Proposals for a light rail line through North Portland, across the Columbia River, and into Vancouver, Washington, were considered as early as the 1980s. A study by staff of the Portland metropolitan area's regional government, Metro, in 1985 examined the feasibility of a line alongside Interstate 5 (I-5) or along the median of Interstate Avenue but concluded that no light rail alternative would "'pay back' within the useful life of the project". A different report completed in 1986, however, noted that light rail along the corridor would be "promising". In 1988, Portland city planners proposed a northside rail service as part of Portland's Central City and Albina Community plans; they sought to extend the region's then-two-year-old light rail system, the Metropolitan Area Express (MAX), via Interstate Avenue, I-5, or Martin Luther King Jr. Boulevard (formerly Union Avenue). While serving on the Senate Committee on Appropriations, U.S. Senators Mark Hatfield of Oregon and Brock Adams of Washington combined this proposal with a greater Vancouver–Portland–Oregon City light rail plan that Metro separately developed, for which the committee appropriated $2 million to study in 1989.

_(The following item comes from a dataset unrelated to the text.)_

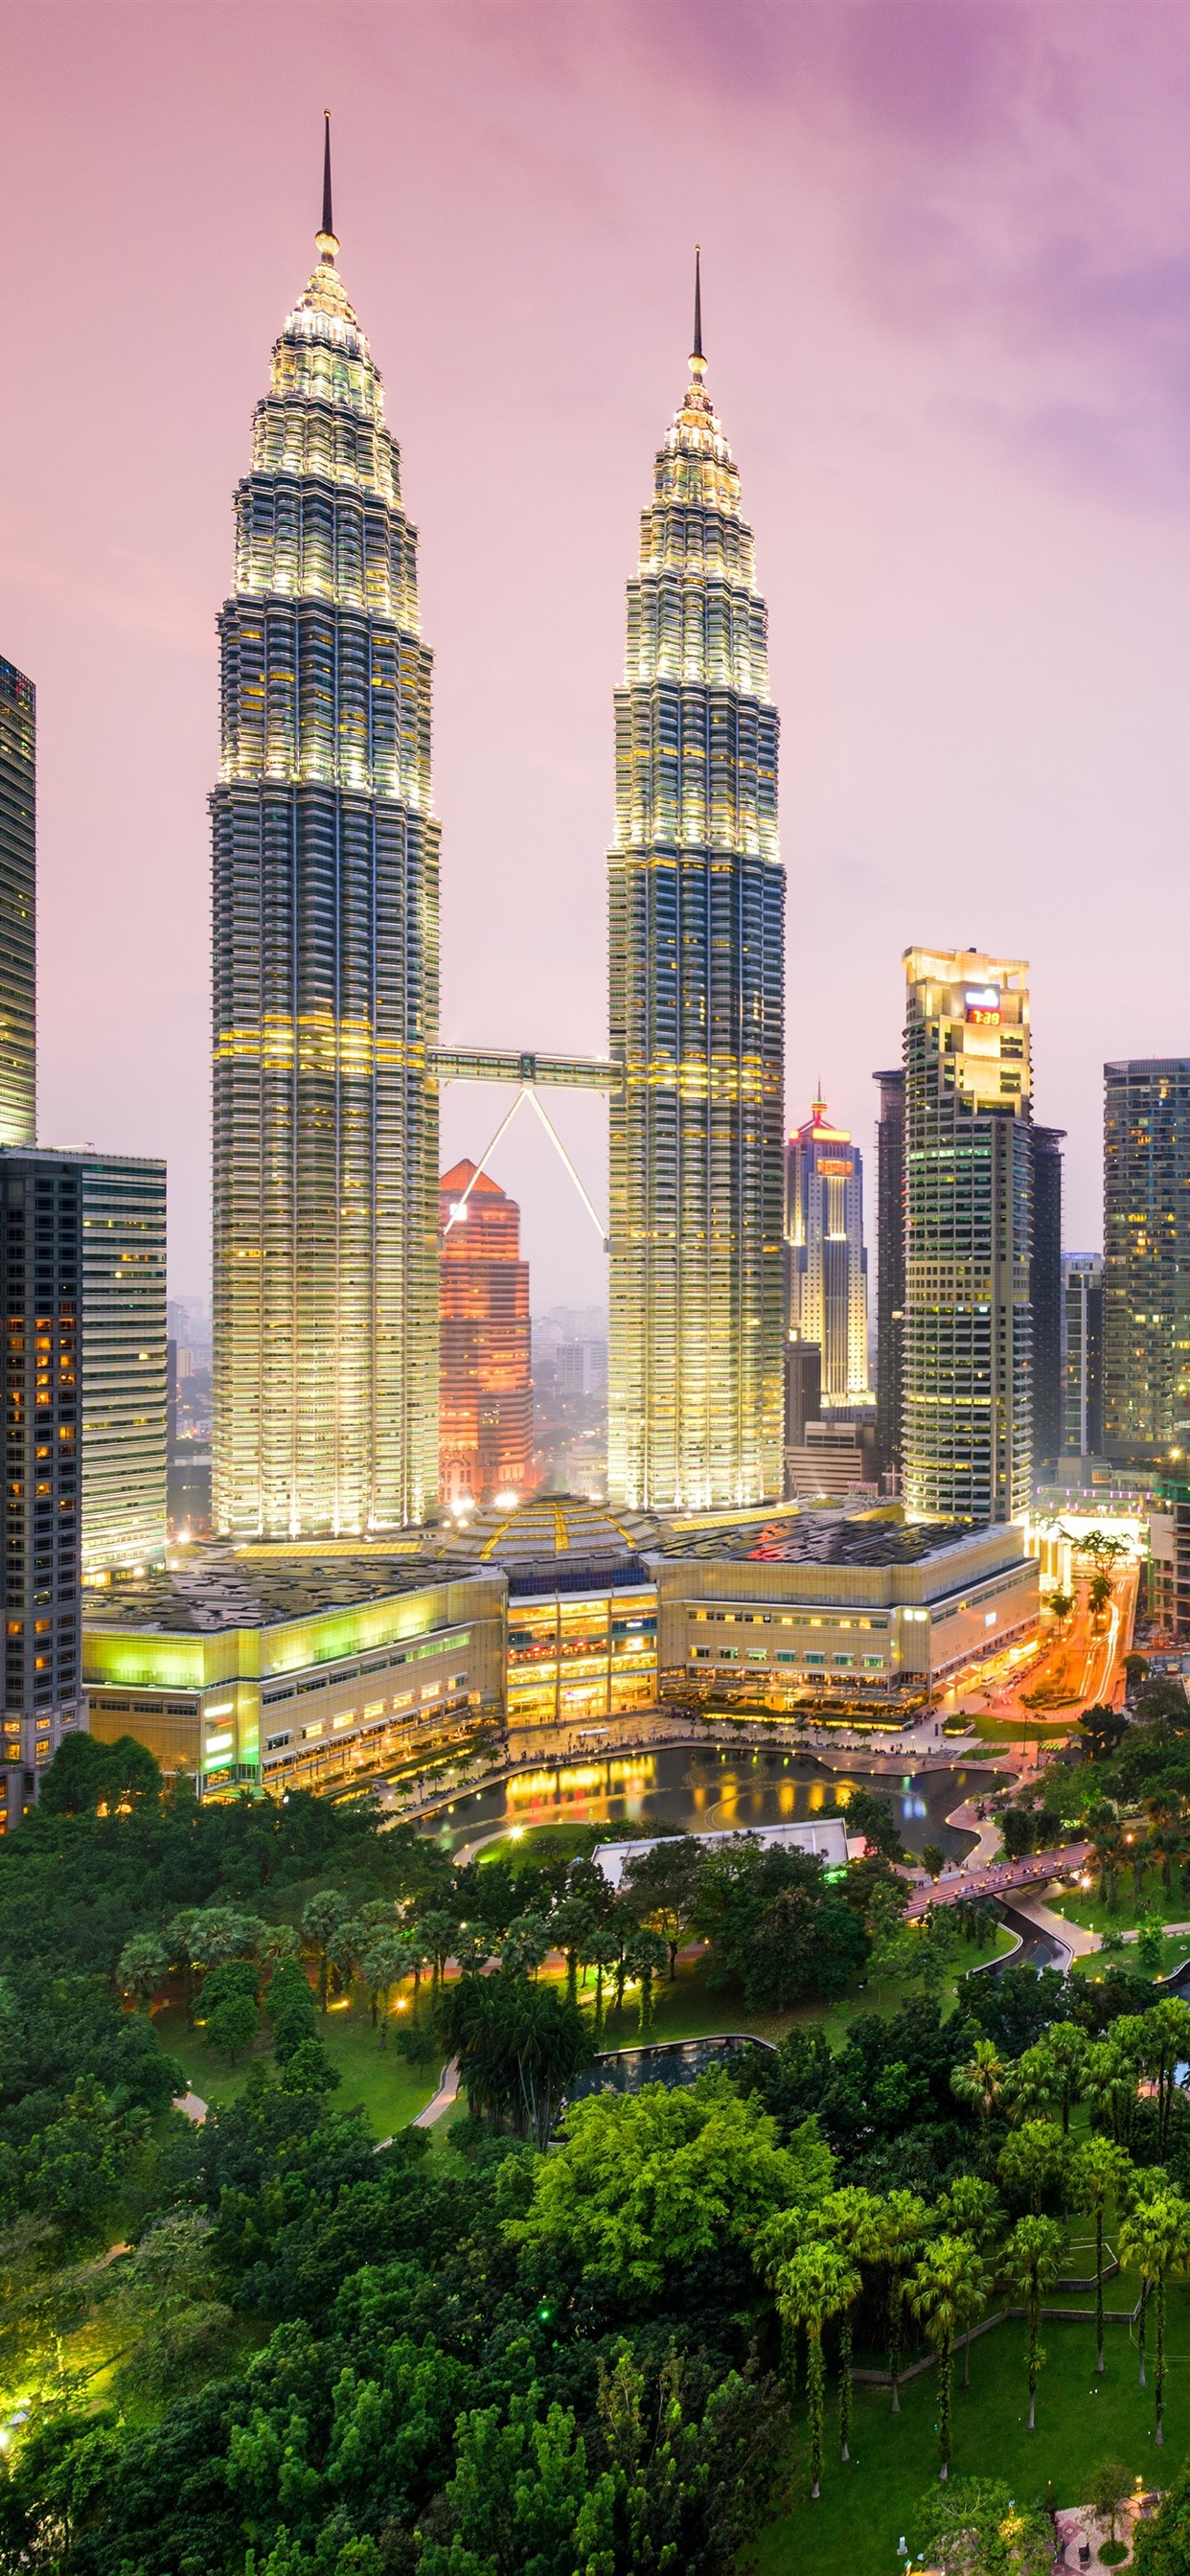 Malaysia Kuala Lumpur Skyscrapers City Lights Dusk

Preliminary alignment studies north to Vancouver and Clark County, including an additional proposal for a line between Vancouver Mall and Clackamas Town Center along I-205, commenced shortly after. Metro's Joint Policy Advisory Committee on Transportation (JPACT) identified a 25 mi route from Hazel Dell through downtown Portland to Clackamas Town Center in 1994 that TriMet formally named the "South/North Corridor". That November, Metro asked Portland area voters if they would approve a $475 million bond measure to cover Oregon's portion of the project's estimated $2.8 billion cost; the measure passed by 63 percent. Across the river, Clark County officials proposed a 0.3 percent increase in sales and vehicle excise taxes to provide Washington's $237.5 million share; voters turned it down by 69 percent on February 7, 1995.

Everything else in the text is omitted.